If we analyze the dynamics of the absolute values of the arterial elasticity indicators on both categories of arteries (large and small) since the beginning of the study, we find an insignificant decrease, comparable to large-caliber arteries (C1), fig. 3 and considerable on resistive arteries (C2), fig. 4, tab. 3.

During the application of the therapeutic formulas, a comparable recovery of the values of the elasticity indices of large-caliber arteries (C1) was observed: at 3 months 5.6% versus 5.7% (p>0.05), at 6 months 7.4% versus 7.6% (p<0.05), at 9 months 12% versus 12.5% (p<0.005) and at the end of supervision 14.9% versus 19% (p<0.005) in groups I and II respectively, fig. 3.

Small-caliber arteries (C2) reacted more convincingly, having a greater sensitivity to the administered remedies. Already after 3 months of medication, the elasticity index of small caliber arteries increased by 6.6% in group I versus 8.6% in group II (p<0.05). At the same time, 6 months of continuous administration of antihypertensive medication resulted in a conclusive increase in elasticity in the case of Ramipril administration 9% (p<0.05), while when using Eprosartan this indicator improved by 15% (p<0.005), so, practically double, compared to IEC of AII. This progressive improvement of the parameters of the elasticity indices of the small caliber arteries was further confirmed at the end of the study: by 80% in the group treated with Ramipril and by 84.7% in the group treated with Eprosartan (p<0.001), fig. 4.

In context, the peripheral vascular resistance decreased constantly during the surveillance, towards the end of the period, a reduction of 37% in group I and 39% in group II (p<0.001), fig. 5, tab. 3.

Table 3

The dynamics of the values of the elasticity indices of large C1 and small C2 arteries and peripheral vascular resistance against the background of medication, (M±m)

Variable I batch (Ramipril) II batch (Eprosartan) C1 ml/mm Hg×10 C2 ml/mm Hg×100 RVP dyne/s/cm-5 C1 ml/mm Hg×10 C2 ml/mm Hg×100 RVP dyne/s/cm-5 Initial 10.7± 0.5 4.5± 0.3 2438±54 10.4± 0.4 4.6 ±0.3 2502±64 3 months 11.3± 0, 6* +5.6% 4.8± 0.4* +6.6% 1963± 50** -19.4% 11.0± 0.5* +5.7% 5.0± 0.3 * +8.6% 1876±52.5** -25% 6 months 11.5± 0.9* +7.4% 4.9± 0.3* +9% 1758±34.6** - 28% 11.2± 0.6* +7.6% 5.3 ±0.3** +15% 1658±42.1** -33% 9 months 12.0±0.4** +12 % 7.0±0.2*** +55% 1635±32.5** -32% 11.7±0.3** +12.5% 7.1±0.2*** +54 .3% 1643±23.4** -34.3% 12 months 12.3±0.6** +14.9% 8.1±0.3*** +80% 1530±26.5* ** -37% 12.4±0.7** +19% 8.5±0.2*** +84.7% 1509±22.9*** -39%

Legend: * p< 0.05, ** p< 0.005, *** p< 0.001 compared to baseline.

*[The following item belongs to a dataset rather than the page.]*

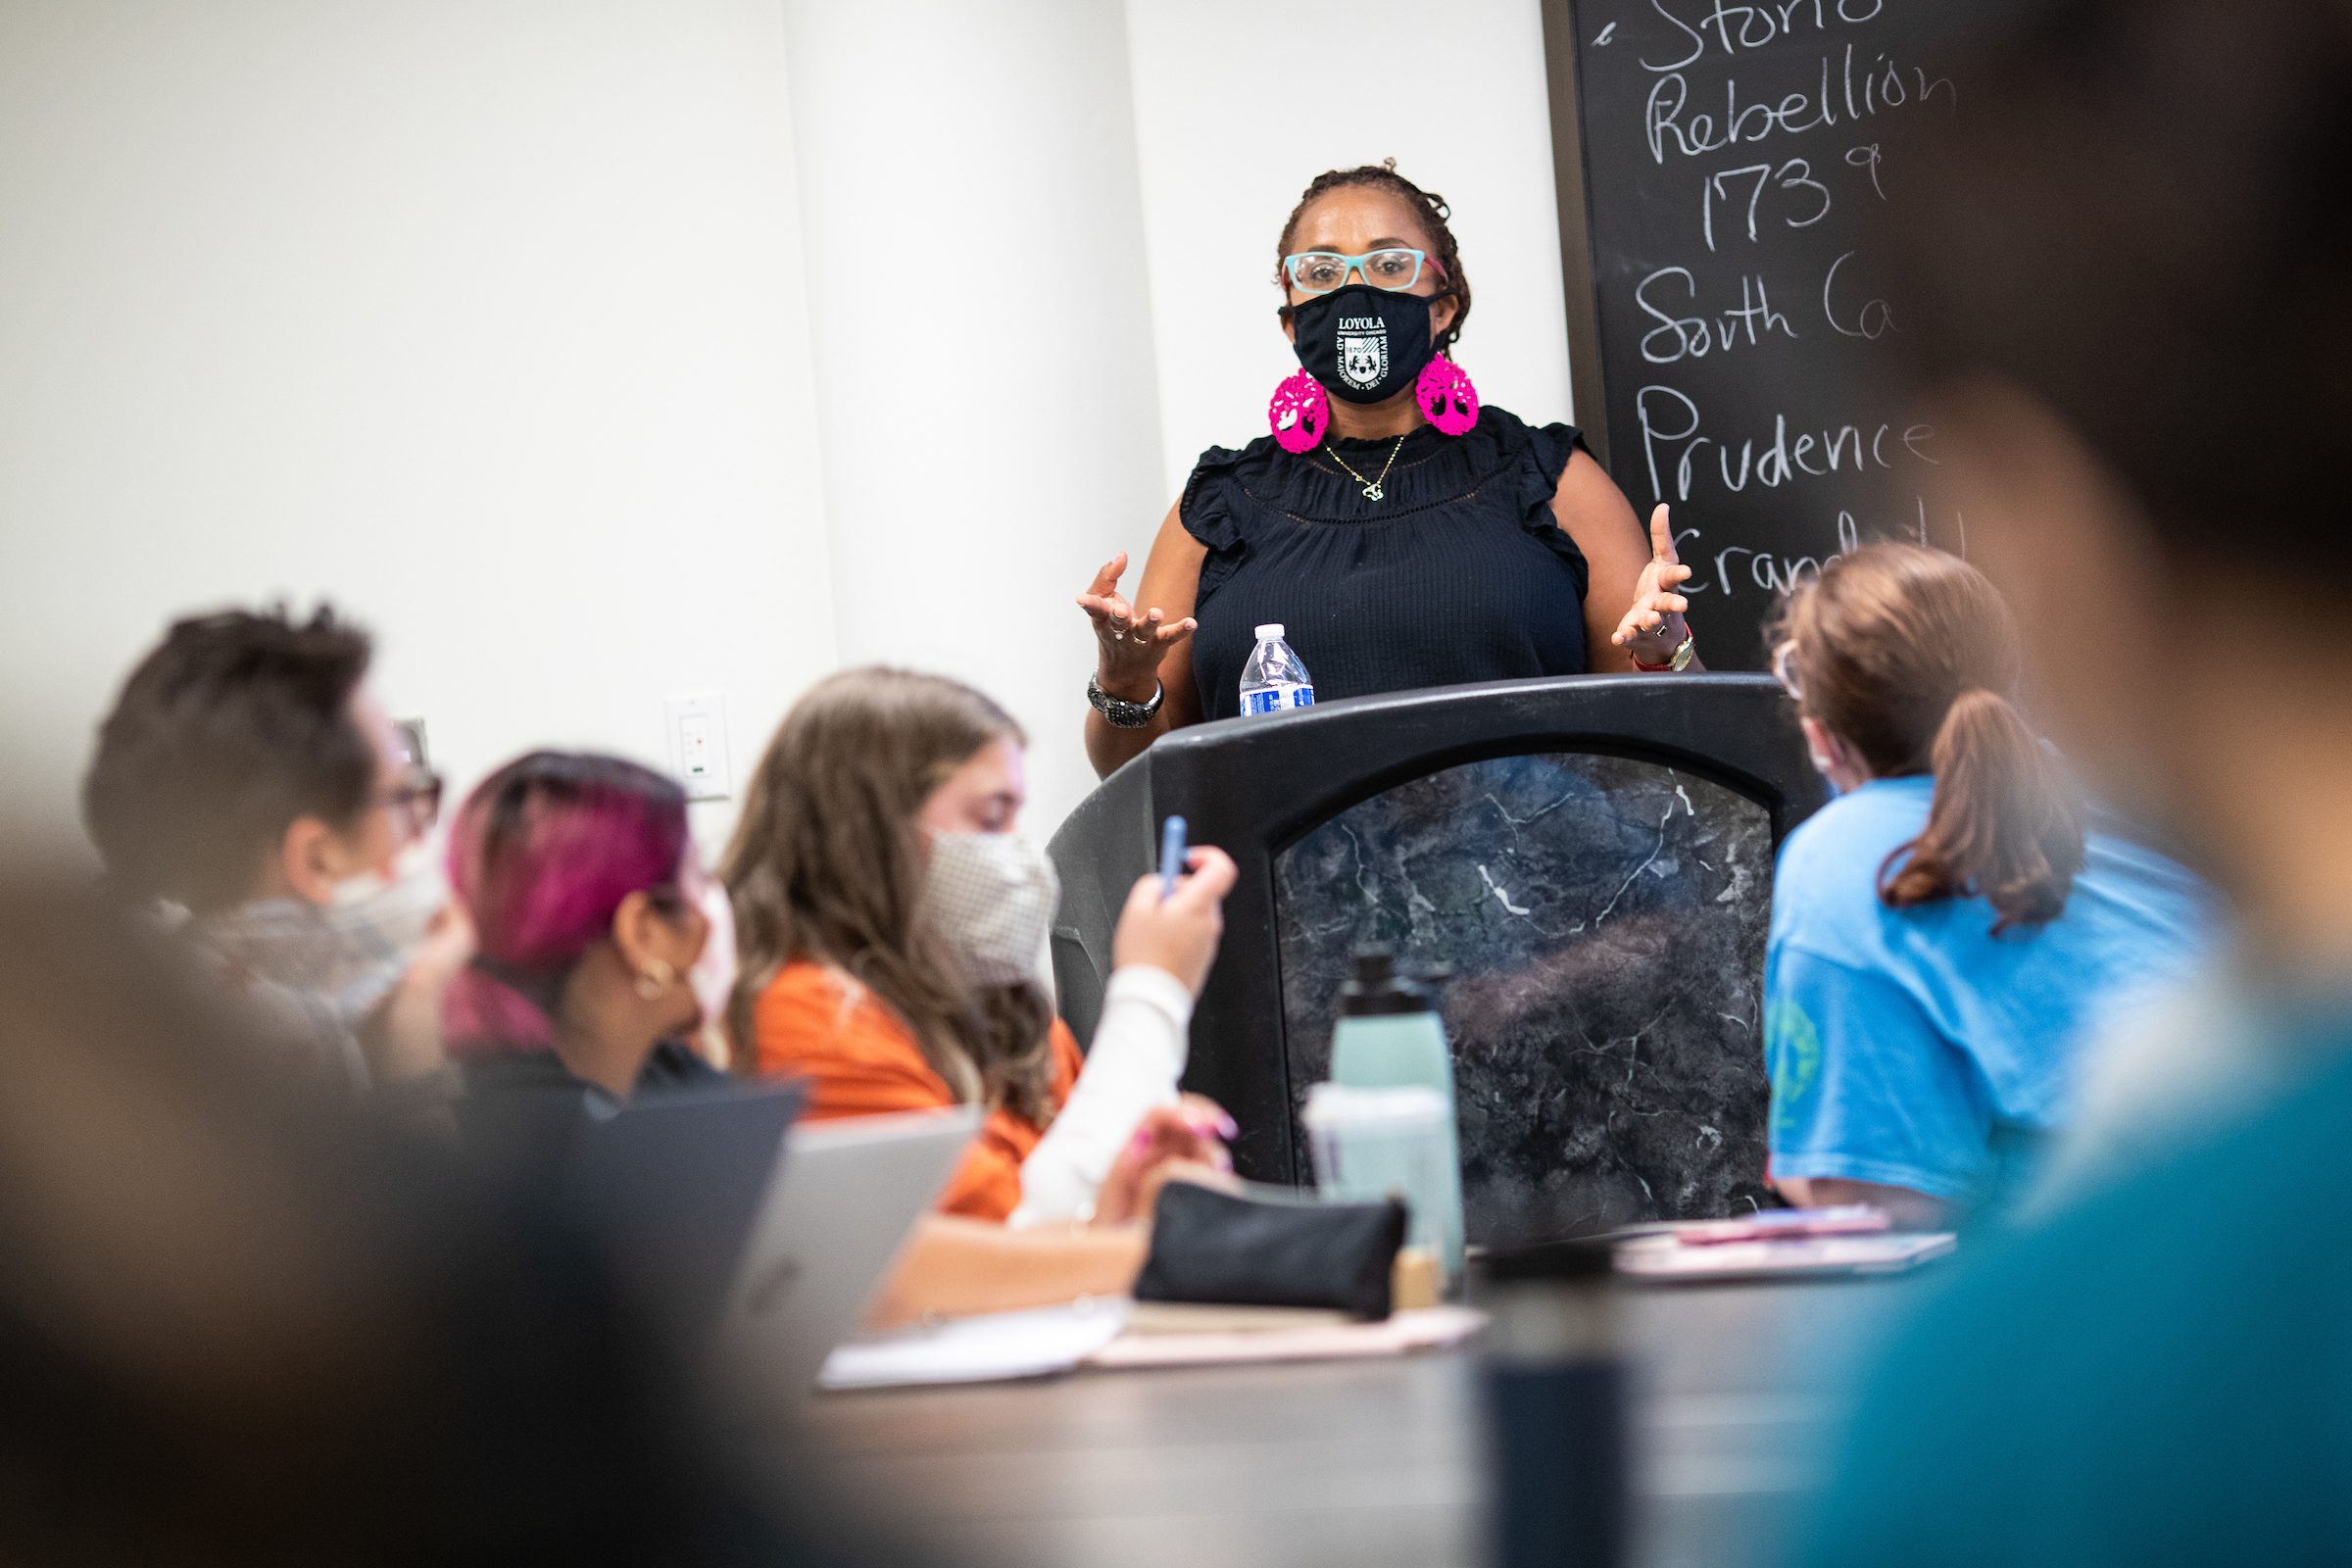 Loyola University Chicago Professor Tikia Hamilton teaches an African-American history course in the Crown Center on September 28, 2021. (Photo: Lukas Keapproth)

Therefore, the improvement of the compliance of large and small arteries, translated by the statistically significant normalization of their elasticity indices, is associated with the reduction of blood pressure values, the improvement of the diurnal profile during automatic ambulatory blood pressure monitoring (MAATA), of renal function and the reduction of proteinuria. This phenomenon demonstrates with certainty the role of arterial stiffness in the genesis and evolution of arterial hypertension.

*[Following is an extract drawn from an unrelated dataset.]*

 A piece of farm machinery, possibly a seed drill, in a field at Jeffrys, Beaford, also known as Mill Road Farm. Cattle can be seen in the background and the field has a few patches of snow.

The normalization of the systolic blood pressure (SBP) figures can be pathogenically related to the dynamics of the increase in the elasticity index of the large-caliber arteries, and the decrease in the diastolic blood pressure (DAD) values would be mainly dependent on the increase in the elasticity index of the resistance arteries. The correlation with the dynamics of peripheral vascular resistance can also be noted, the value of which is in strict direct agreement with the basal tone level of the resistive arteries.

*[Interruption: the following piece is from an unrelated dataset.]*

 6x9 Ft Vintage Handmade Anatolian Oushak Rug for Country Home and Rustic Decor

1. Morgan T., Lauri J., Bertram D., et al. Effect of different antihypertensive drug classes on central aortic pressure. I have. J. Hypertens, 2004, №17, p. 118-123

Claims (2)

1. Use of 4-({2-butyl-5-[2-carboxy-2-(thiophen-2-ylmethyl)eth-1-en-1-yl]-1H-imidazol-1-yl}methyl) acid benzoic for improving the elasticity of vessels in the prevention of complications of hypertensive origin. 2. Use according to claim 1, wherein the acid 4-({2-butyl-5-[2-carboxy-2-(thiophen-2-ylmethyl)eth-1-en-1-yl]-1H-imidazol- 1-yl}methyl) benzoic acid is administered orally, 600...1200 mg, once a day.